For variable screening procedure, Fan and Lv [4] proposed sure independence screening (SIS) based on marginal correlation ranking and also extended SIS to iterative version (ISIS) to handle difficult cases such as when some important predictors are marginally uncorrelated with the response. In order to deal with more complex real data, Fan et al. [5] extended SIS and ISIS to generalized linear models and robust regression; Fan and Song [6] and Fan et al. [7] extended SIS to nonparametric additive models. Moreover, variable screening methods have been quickly adapted in survival analysis with focus on Cox PH model [8×10], and [11] or other regression models [12, 13], and [14]. Recently, He et al. [15], Song et al. [16], and Li et al. [17] proposed non-model based screening methods.

Most statistical methods developed for failure time data assume that covariate effects on the logarithm of the hazard function are linear and the regression coefficients are constant parameters Fleming and Harrington [18] and Andersen et al. [19]. However, true covariate effects can be more complex than the log-linear effect. An important extension of the standard regression model with constant coefficients is the varying-coefficient model.

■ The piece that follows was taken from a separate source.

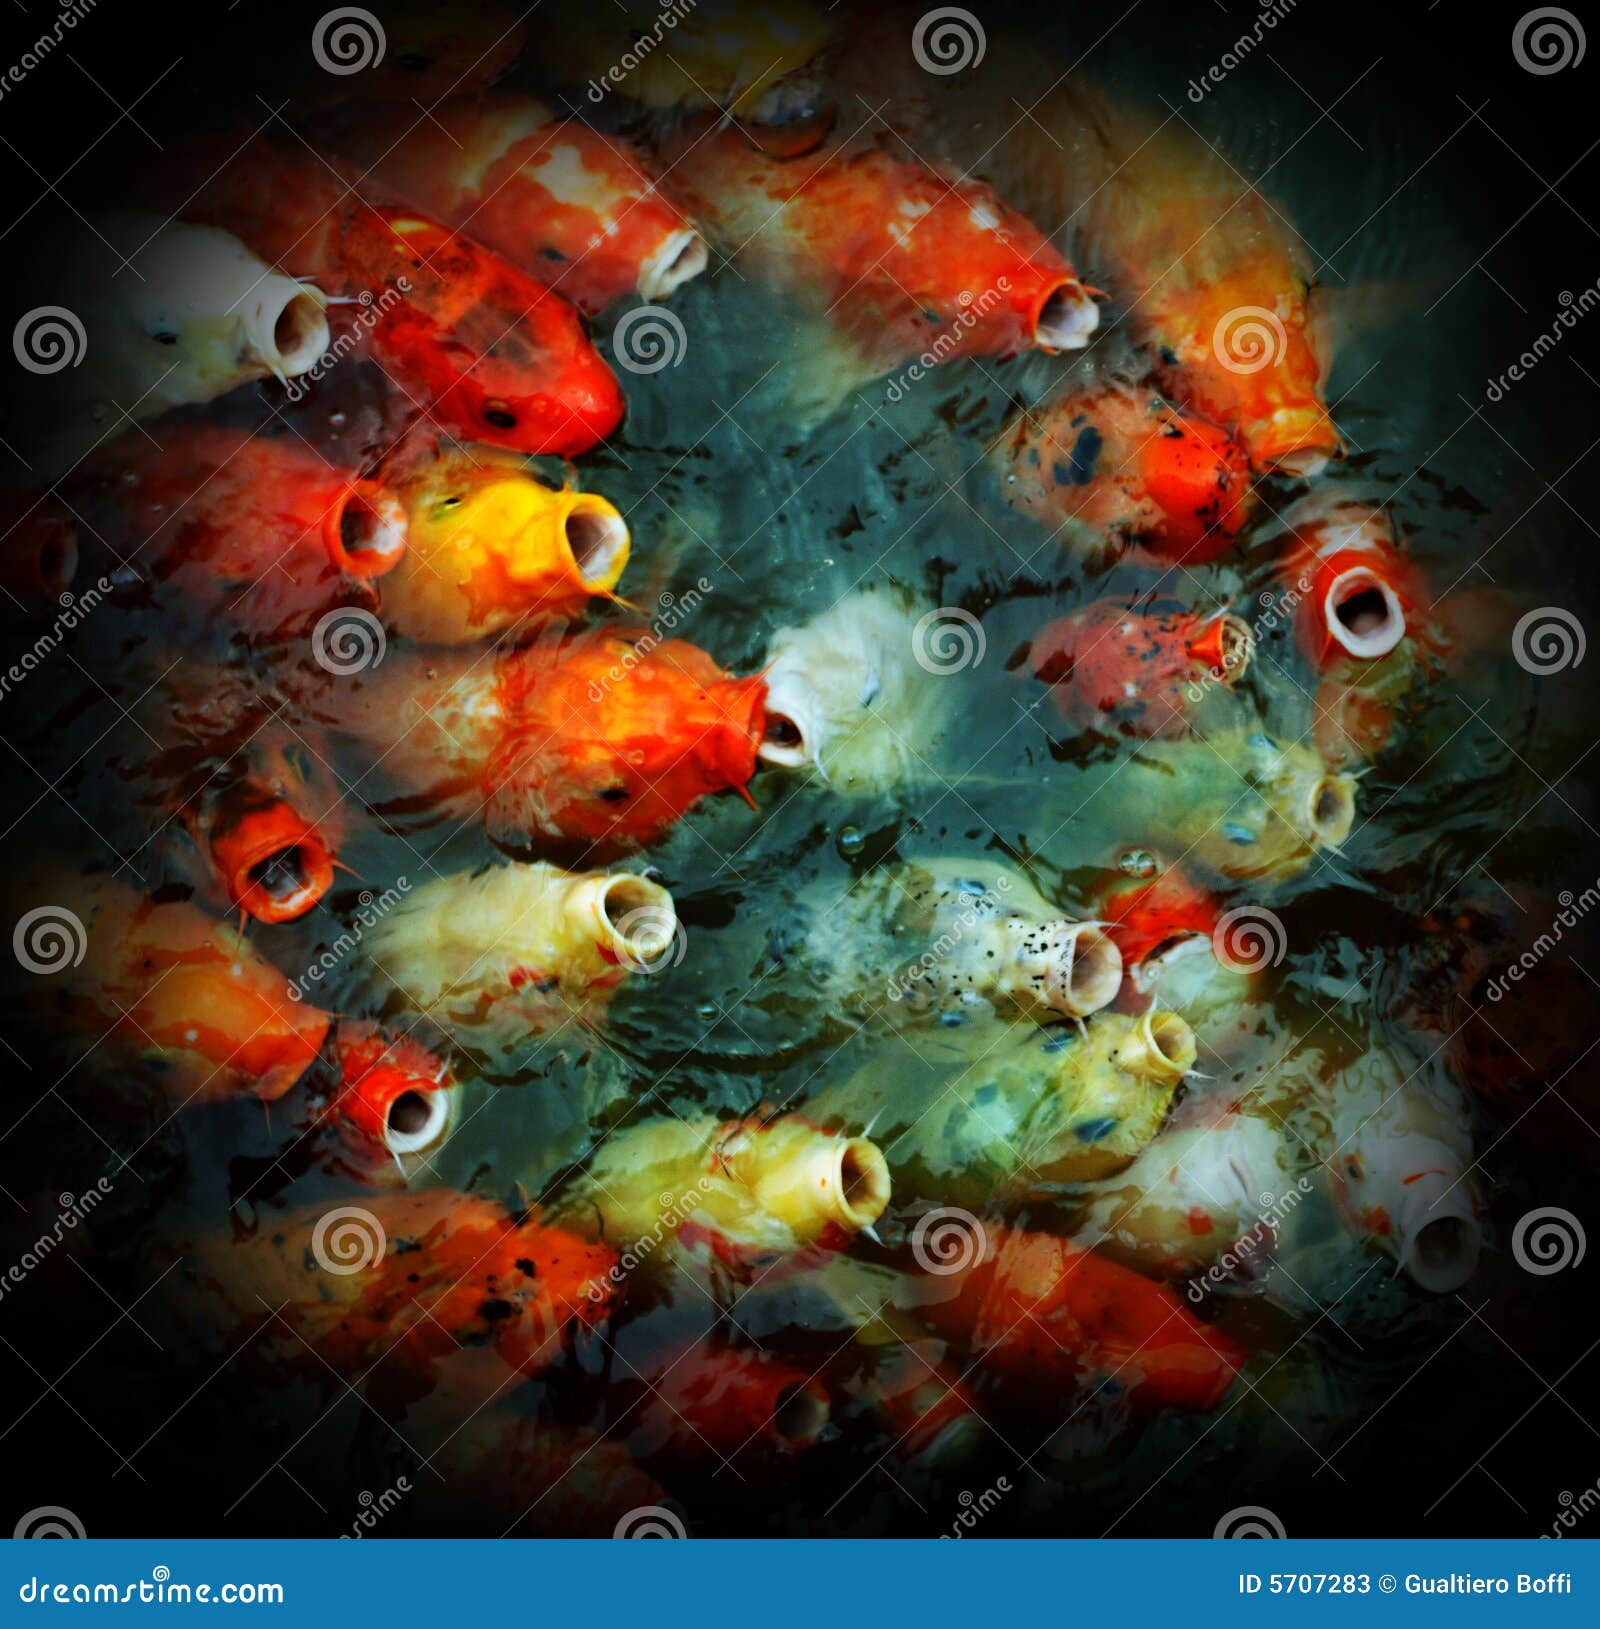 Wallpaper ID 628561  koi fish hd fractal 2K digitalartwork free  download
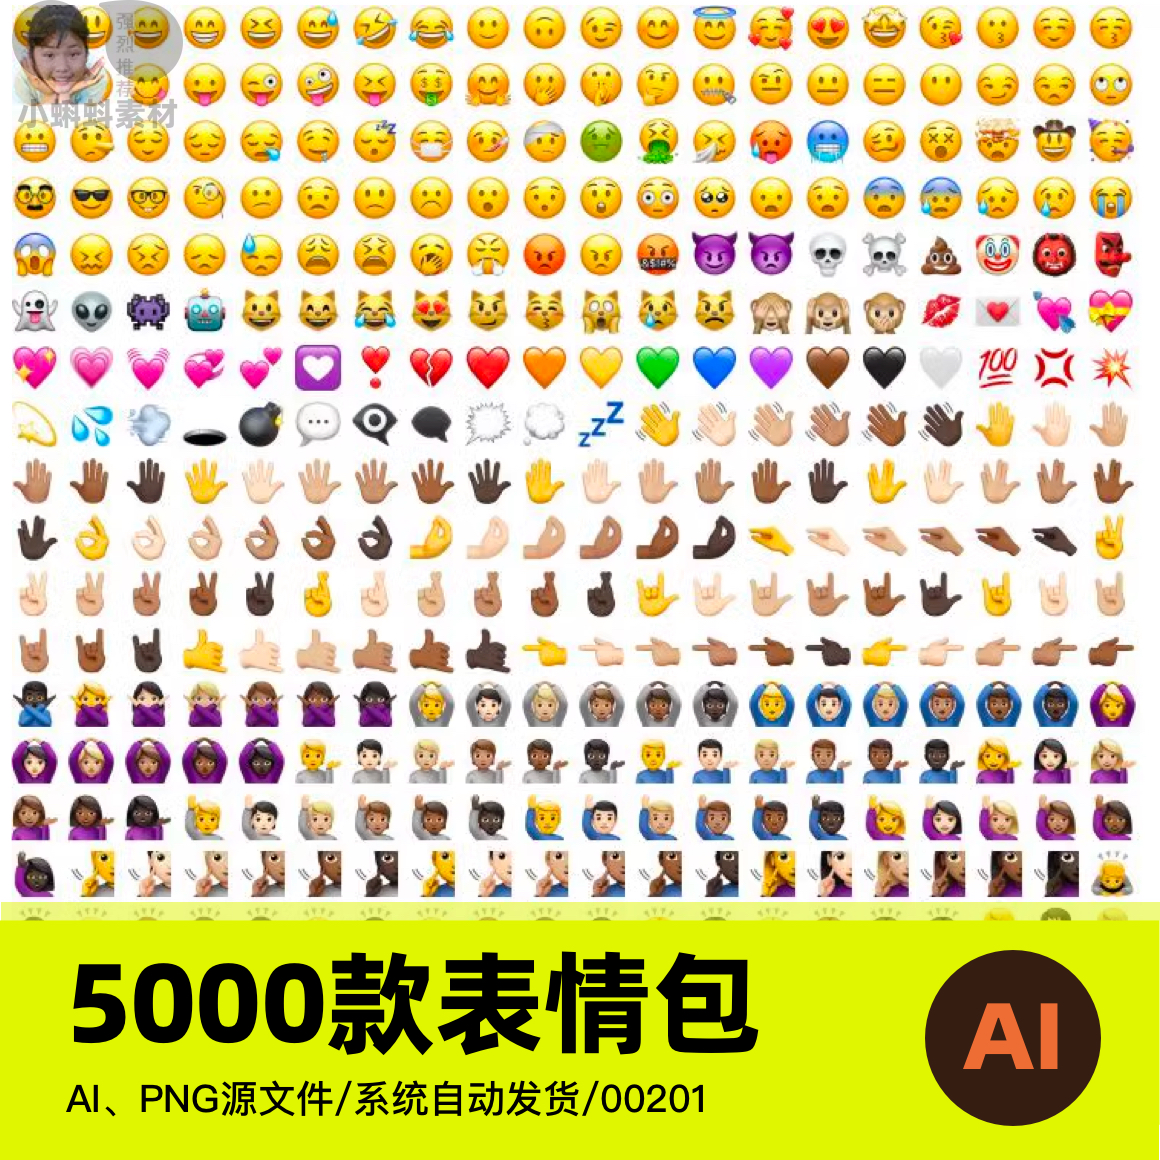 小黄人心情黄脸表情包ios系统UI设计Emoji矢量AI设计素材png图片

In recent decades, the varying functional effect in survival analysis has been carefully studied by Murphy [20], Cai and Sun [21], Tian et al. [22], Cai et al. [23], and Cai et al. [24], among others. We will consider varying-coefficient Cox model in this paper and aim at providing a novel screening procedure to improve the model performance.

To assess the gain in model development, researchers proposed many improvement statistics in the literature. For example, Pencina et al. [25] proposed the integrated discrimination improvement (IDI) and the net reclassification improvement (NRI), which have drawn much attention in medical research. The IDI is the improvement of the integral of sensitivity and specificity over all possible cut-off values. Extensions of the IDI to survival data have been proposed by Uno et al. [26], Kerr et al. [27] and Chi and Zhou [28]. NRI attempts to quantify how well a new model correctly reclassifies subjects based on comparison between a baseline model and a new model with the added markers. See Pencina et al. [29], Uno et al. [30] and Shi et al. [31] for more discussion. We use such novel improvement statistics in this paper to assess the gain in screening models as well as some standard improvement statistics. We will then use the improvement measures as an effective way to screen ultra-high dimensional biomarkers.

The main contribution of this paper can be summarized as follows. A formal improvement screening methodology is proposed for survival analysis. In particular, the hazards effects of new biomarkers are modelled as varying coefficient functions of possible confounders in the Cox PH model. To the best of our knowledge, for the present setup, improvement screening has not been thoroughly discussed for varying-coefficient Cox PH model yet. Moreover, motivated by the growing importance of biomarker screening problem, in this paper we consider the ultra-high dimensional data setting, which presents a tremendous novel challenge, and, as far as we have reviewed, there is no previous work on this topic. The rest of the paper is organized as follows. In Section 2, we formulate the varying-coefficient Cox PH model and propose a detailed procedure for our improvement screening methodology. In Section 3, we evaluate the proposed screening procedures through simulation studies and illustrate our methods via application to the lung cancer data set in Section 4. Some discussion is provided in Section 5.

2 Methodology

Many survival analysis data set involves massive number of covariates, such as genetic and genomics studies. Usually low-dimensional confounders are also collected, such as demographical variables, known risk factors, environmental exposures or other variables [32]. Including relevant confounding variables in the model may produce better prediction results. Furthermore, comparison of the results across different studies is easier since most researches on the same response would adjust a similar set of confounders. In our paper, we consider the baseline model with only a confounding variable and add biomarkers to improve the model performance. We present several novel metrics to quantify the improvement from the new markers for prediction of the patients risk and target to screen ultra-high dimensional markers in varying-coefficient models.

2.1 Model and estimation

Let T, C be the random survival time and the random censoring time respectively. In practice we observe Y=min{T,C} and the censoring indicator δ=I(T≤C). Denote X=(X1,⋯,Xp)T to be the corresponding p-dimensional covariate vector and U to be the univariate confounder. Our observed data set {(xi,δi,yi,ui):xi∈IRp,δi∈{0,1},yi∈IR+,ui∈IR,i=1,2,⋯,n} is an independently and identically distributed random sample from (X,δ,Y,U). We consider the varying-coefficient Cox PH model:

h(t∣xk,u)=h0(t)expgk0(u)+gk(u)xk, k=1,…,p,

where xk is the realization of the kth covariate, gk0(.) and gk(.) are the unknown intercept and slope functions of the confounder. B-spline smoothing is usually used to estimate the unknown functions and perform very well in practice.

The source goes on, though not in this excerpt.